In a memo two weeks later to his ex-wife’s brother, Shanahan claimed his son acted in self-defense.
“Use of a baseball bat in self-defense will likely be viewed as an imbalance of force,” he wrote. “However, Will’s mother harassed him for nearly three hours before the incident.”
Shanahan alluded to the alleged incidents in two statements Tuesday, first to USA Today and then in a statement confirming his withdrawal from the process.
“I believe my continuing in the confirmation process would force my three children to relive a traumatic chapter in our family’s life and reopen wounds we have worked years to heal,” he said.
In interviews with the Post this week, Shanahan said he regretted how he handled the incident with his son.
“Quite frankly, it’s difficult to relive that moment and the passage was difficult for me to read. I was wrong to write those three sentences,” he said. “I have never believed Will’s attack on his mother was an act of self-defense or justified. I don’t believe violence is appropriate ever, and certainly never any justification for attacking someone with a baseball bat.”

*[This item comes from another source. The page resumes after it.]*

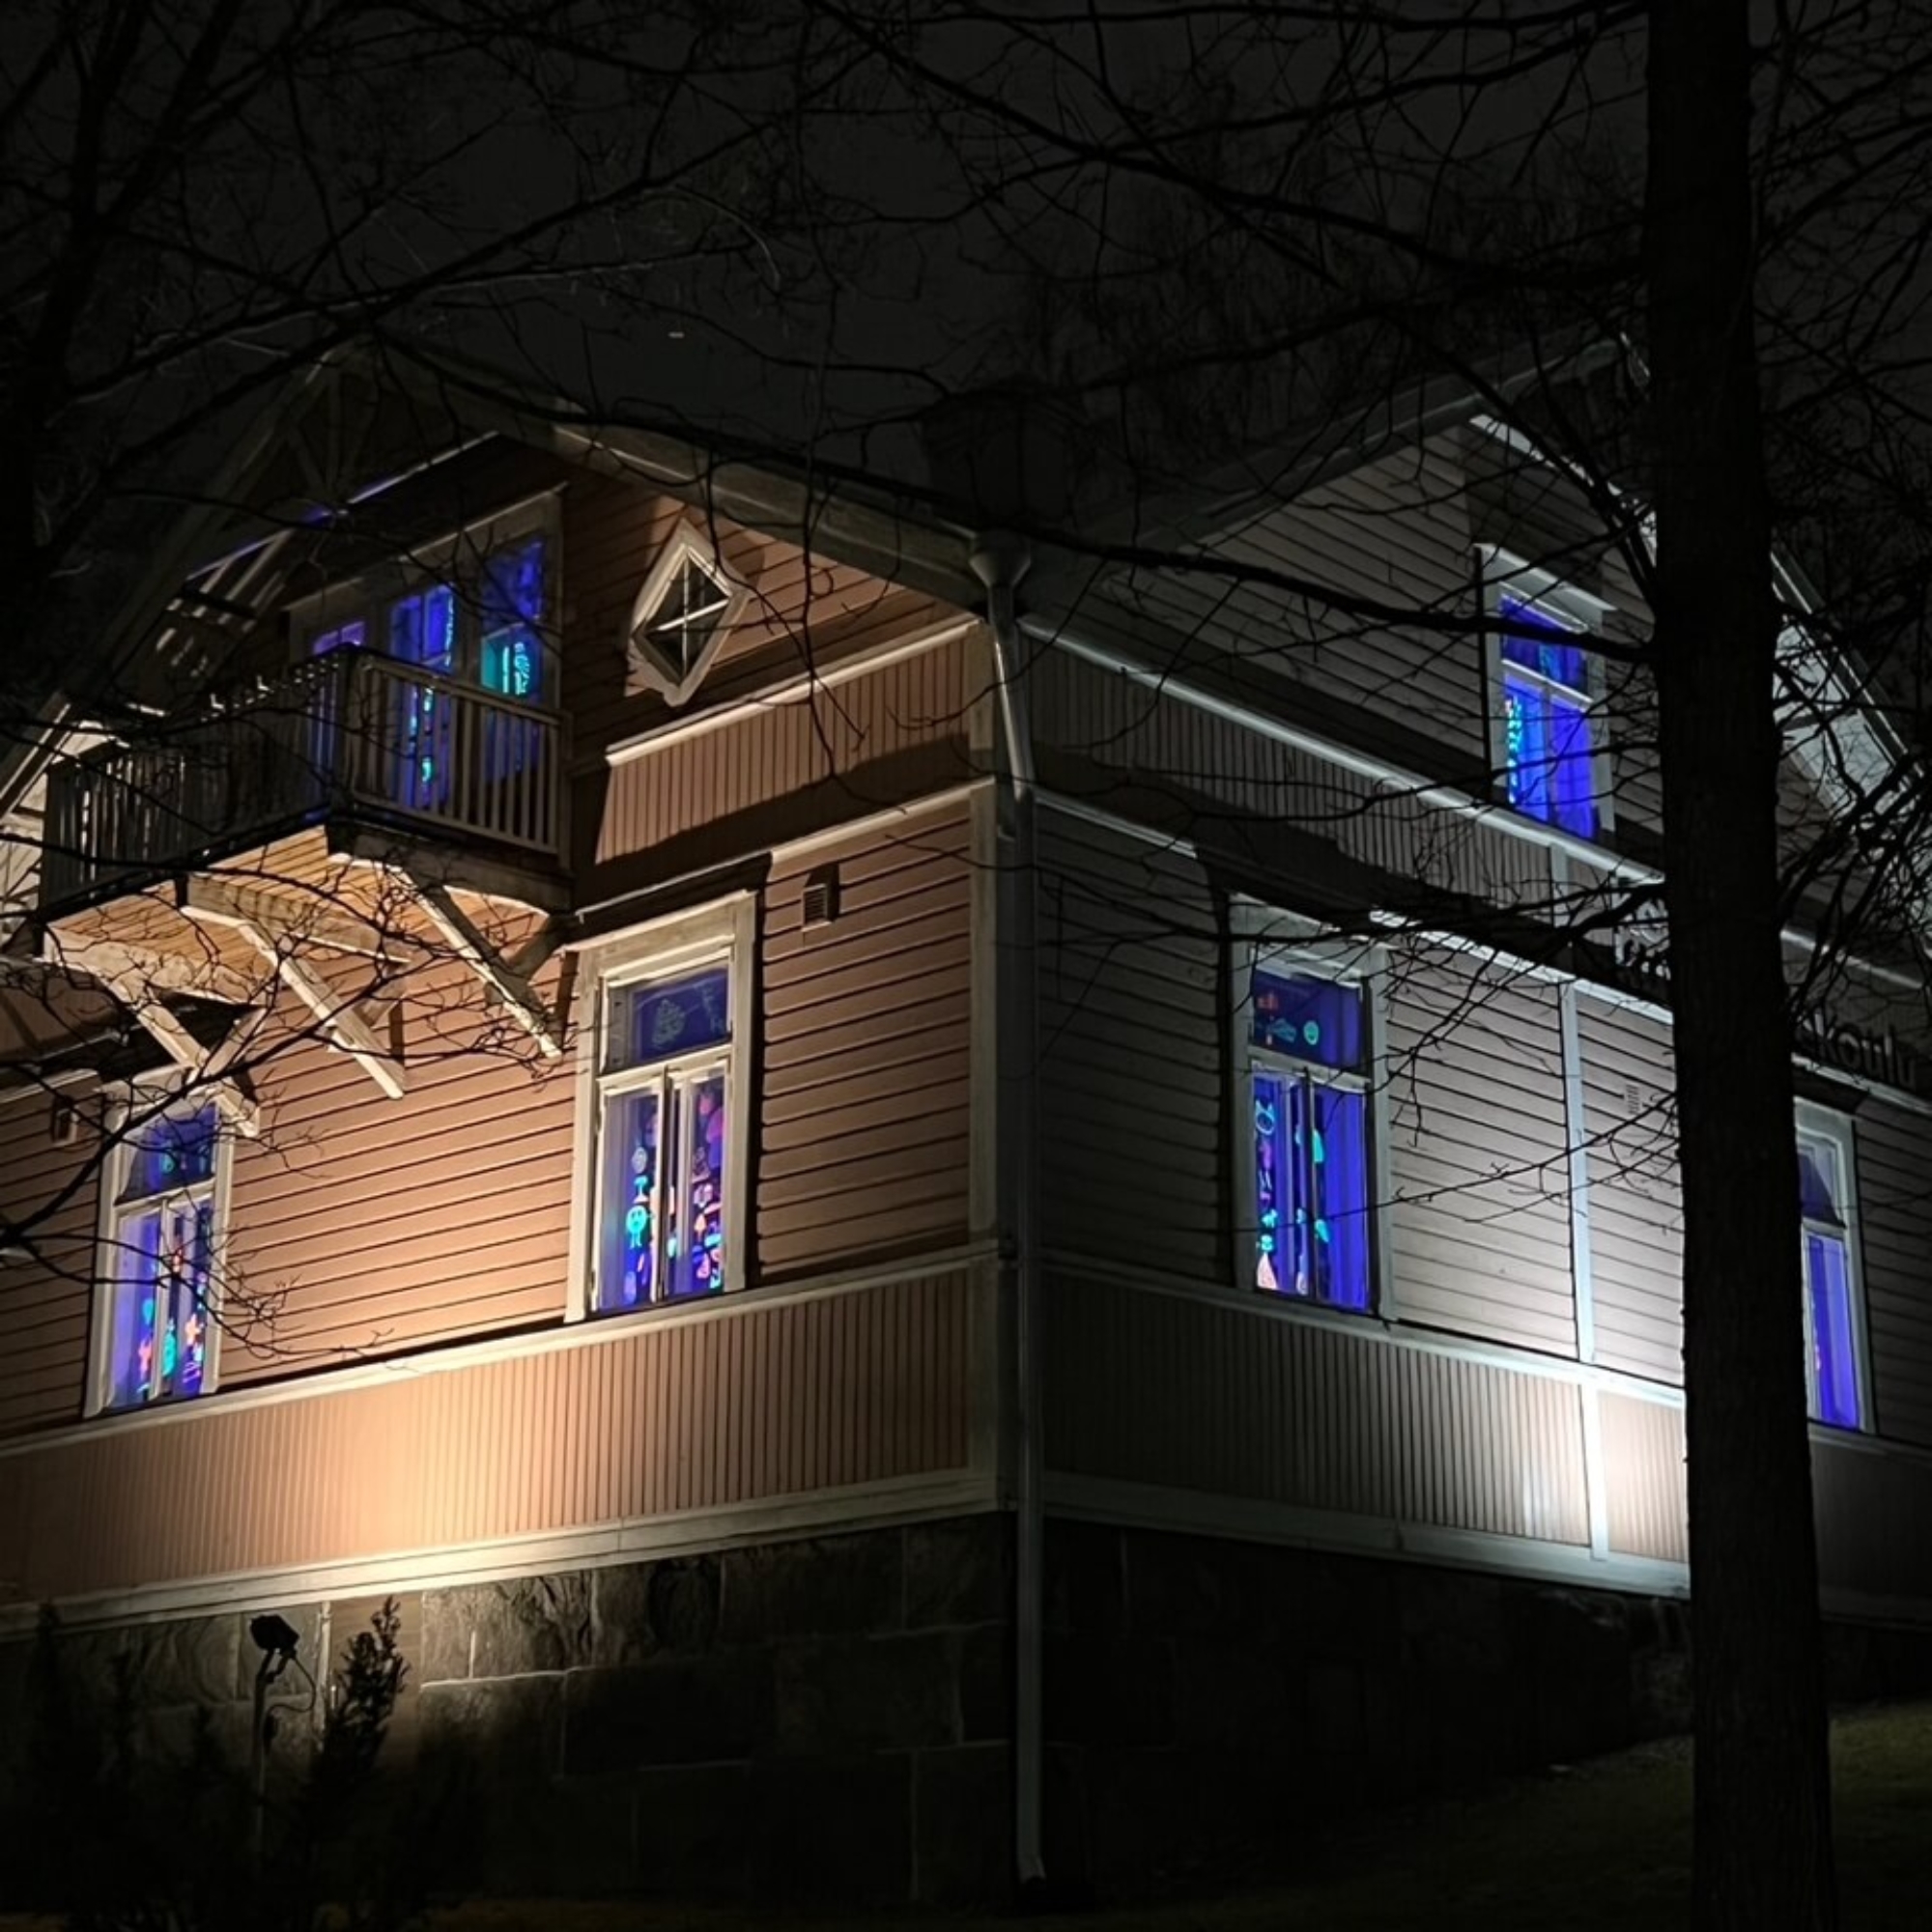 Ruskea puutalo, jonka ikkunoissa loistaa uv-valolla valaistuja värikkäitä piirustuksia.
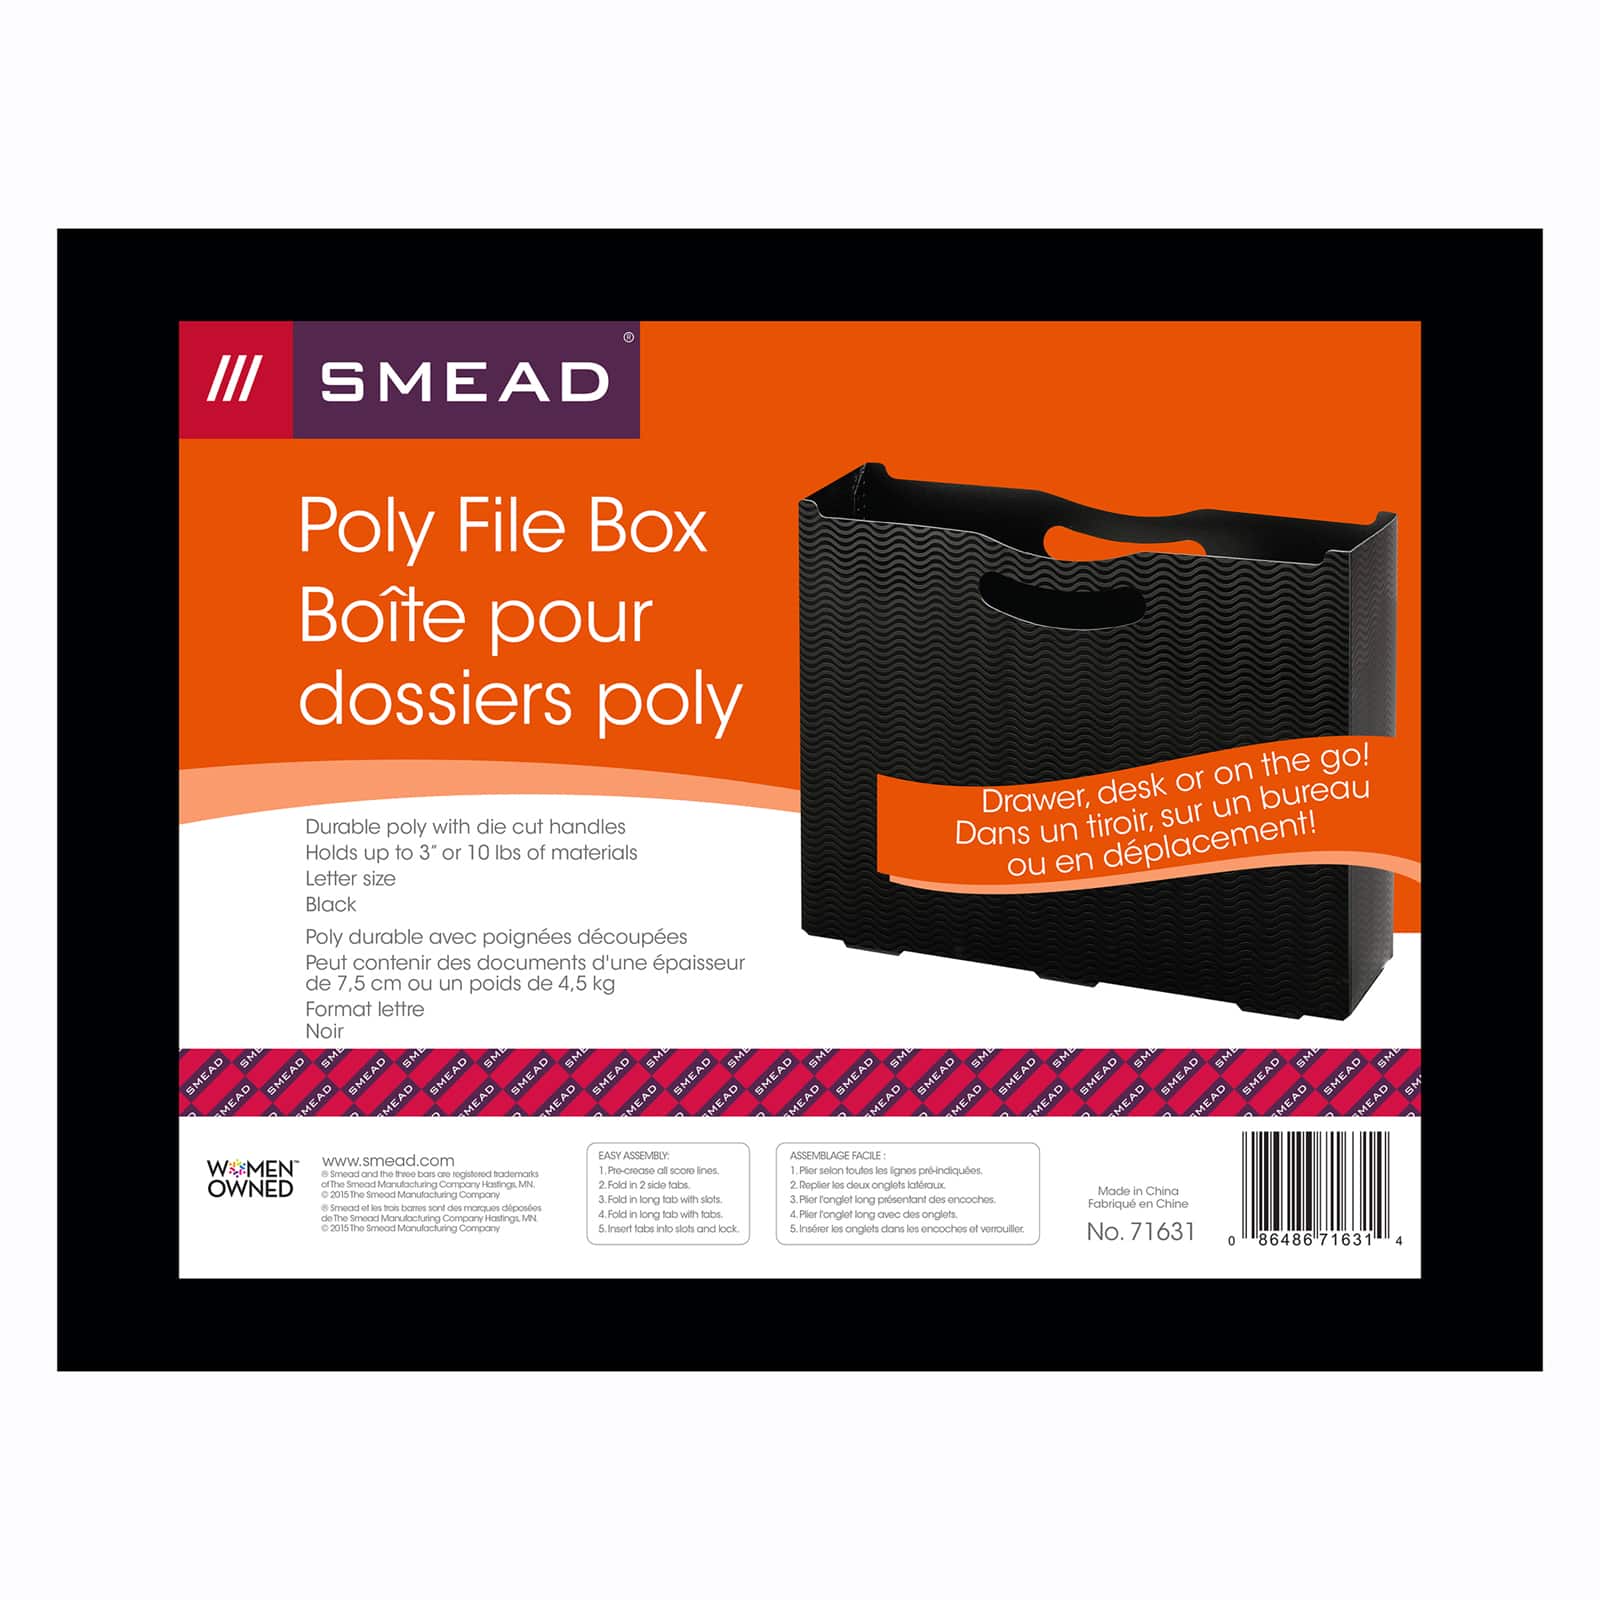 Smead&#xAE; Poly File Box, 2ct.

Shanahan previously served as deputy defense secretary; before that, he worked for more than 30 years at Boeing. In March, the Defense Department announced it had opened an ethics investigation into allegations that Shanahan regularly touted Boeing over other defense contractors, including Lockheed Martin, while serving in an official government capacity.
The Pentagon’s inspector general cleared Shanahan of the allegations in April.